*** Opening of SUPPLIED MATERIAL ***

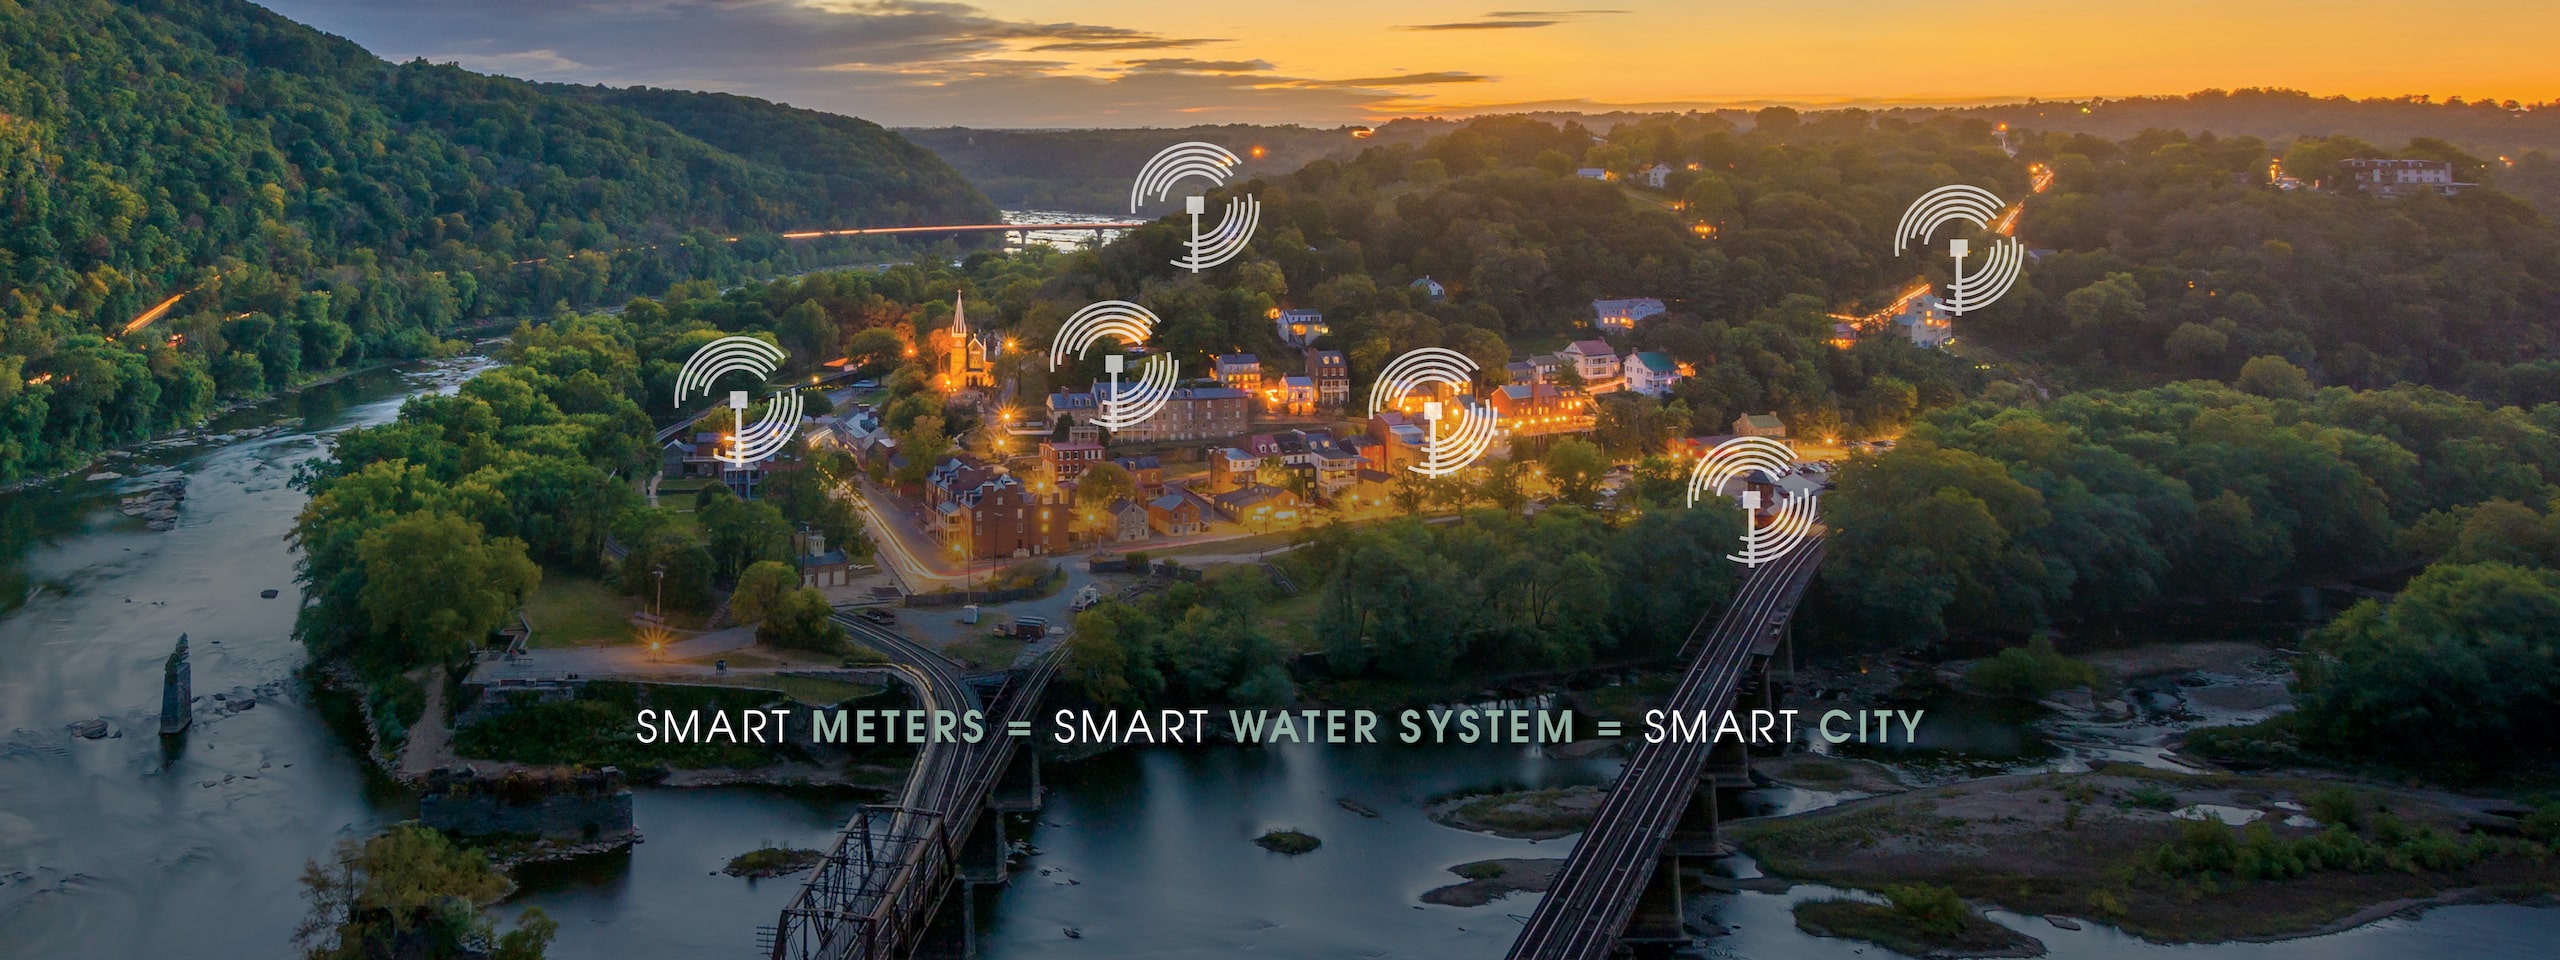 Smart Meters = Smart Water System = Smart City
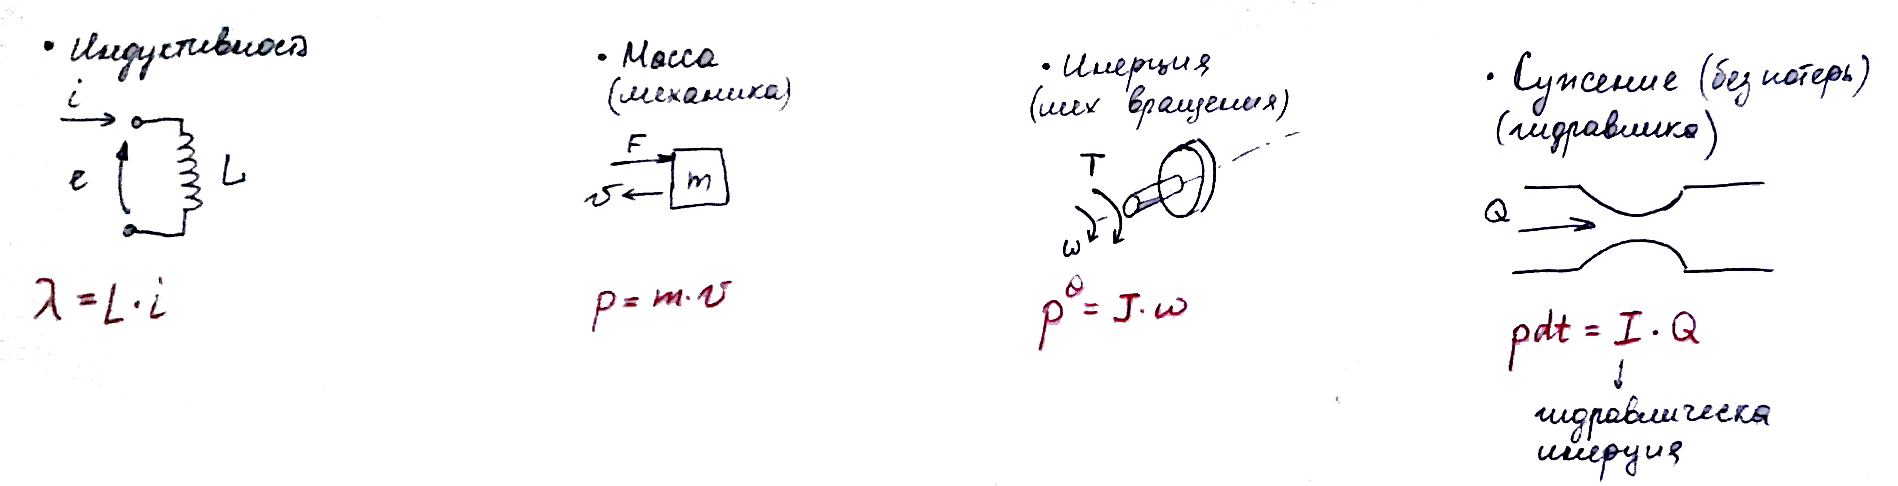 Моделирование динамических систем (метод Лагранжа и Bond graph approach) - 31
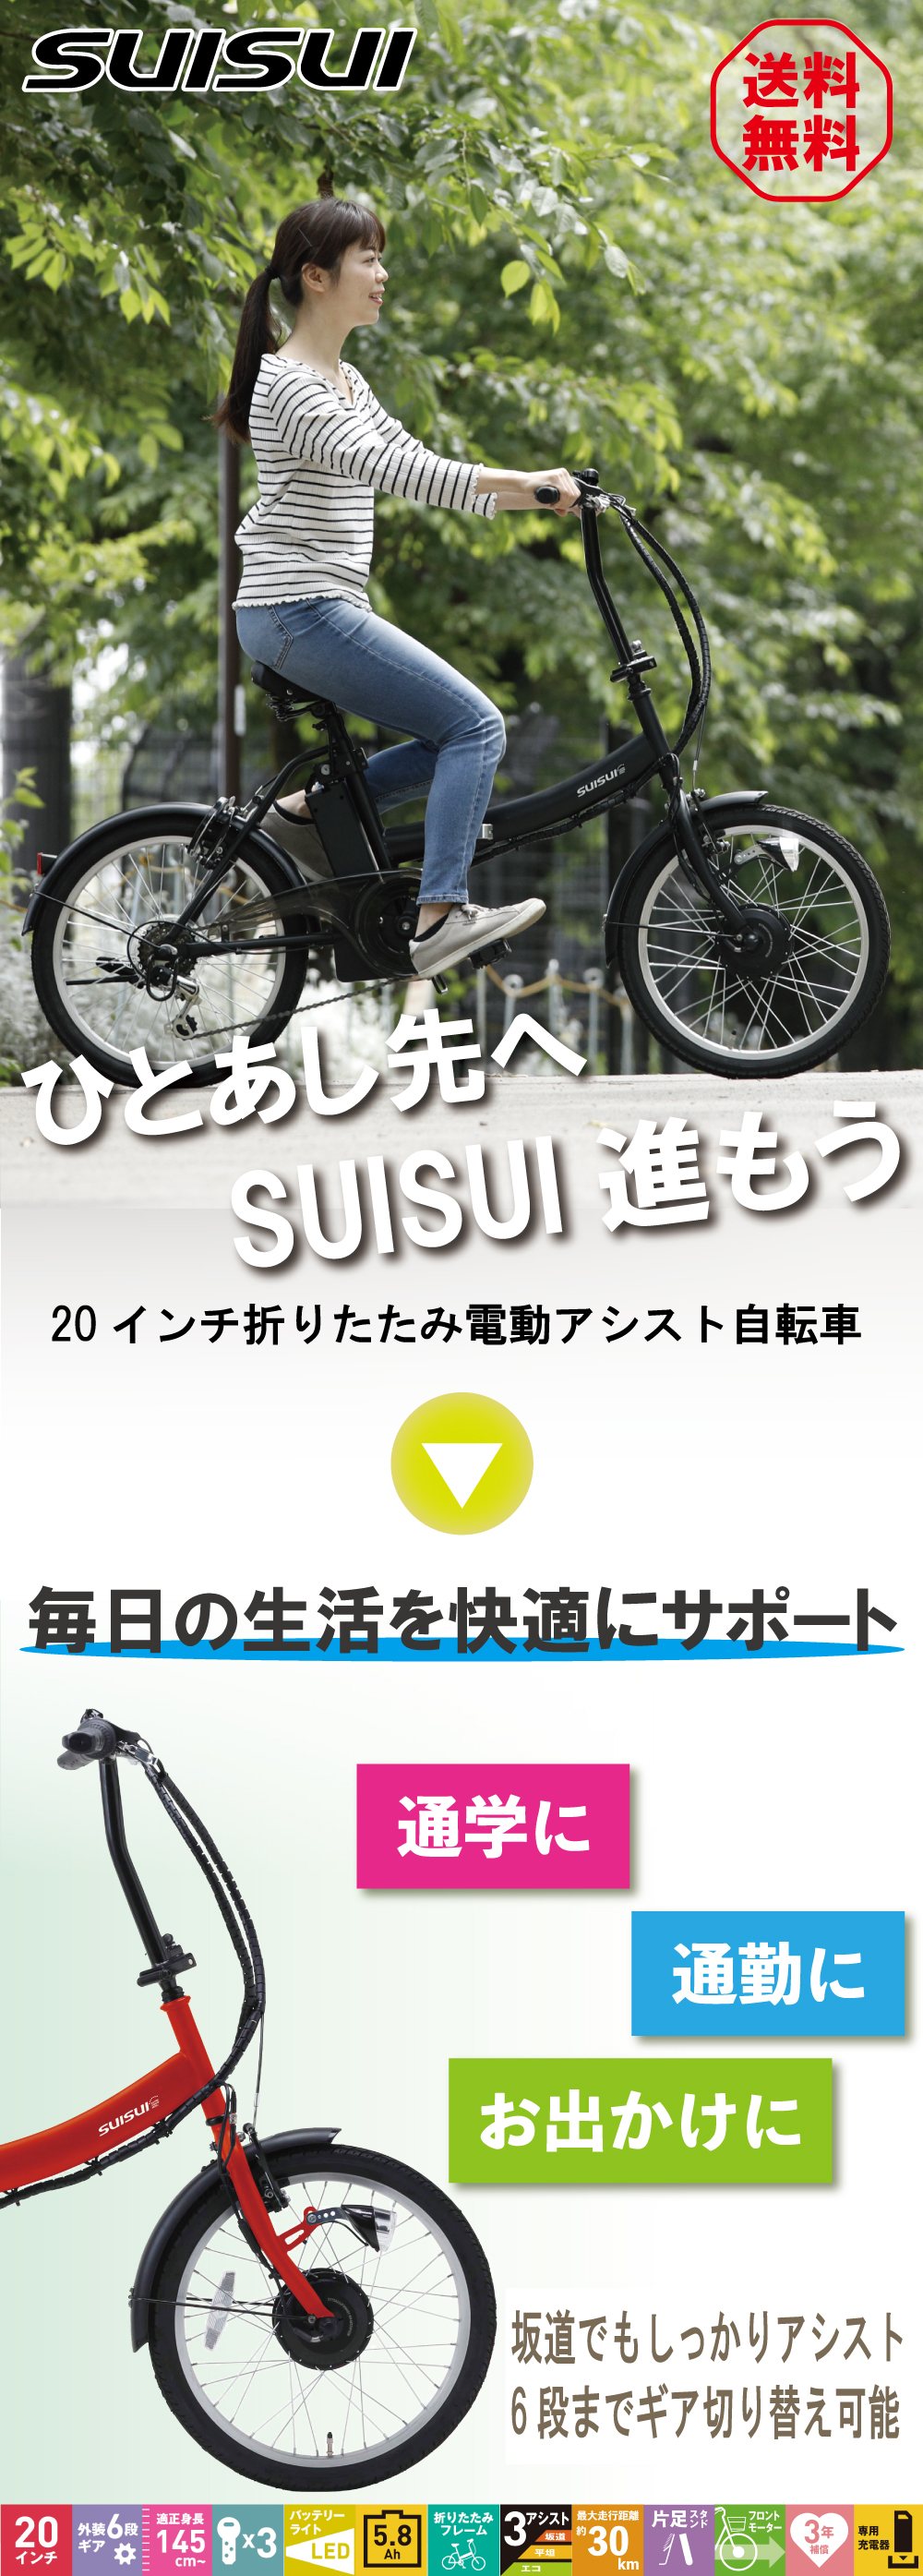 38857円 【60%OFF!】 SUISUI Street 20インチ電動アシスト折畳自転車 6段変速 レッド BM-AZ300-RE 1台

*** Close of SUPPLIED MATERIAL ***

__WHAT THE TASK ASKS__
The expected output is the complete listing, word for word, without any picture.

__EXPECTED ANSWER__
 Smart Meters = Smart Water System = Smart City
 Моделирование динамических систем (метод Лагранжа и Bond graph approach) - 31
 38857円 【60%OFF!】 SUISUI Street 20インチ電動アシスト折畳自転車 6段変速 レッド BM-AZ300-RE 1台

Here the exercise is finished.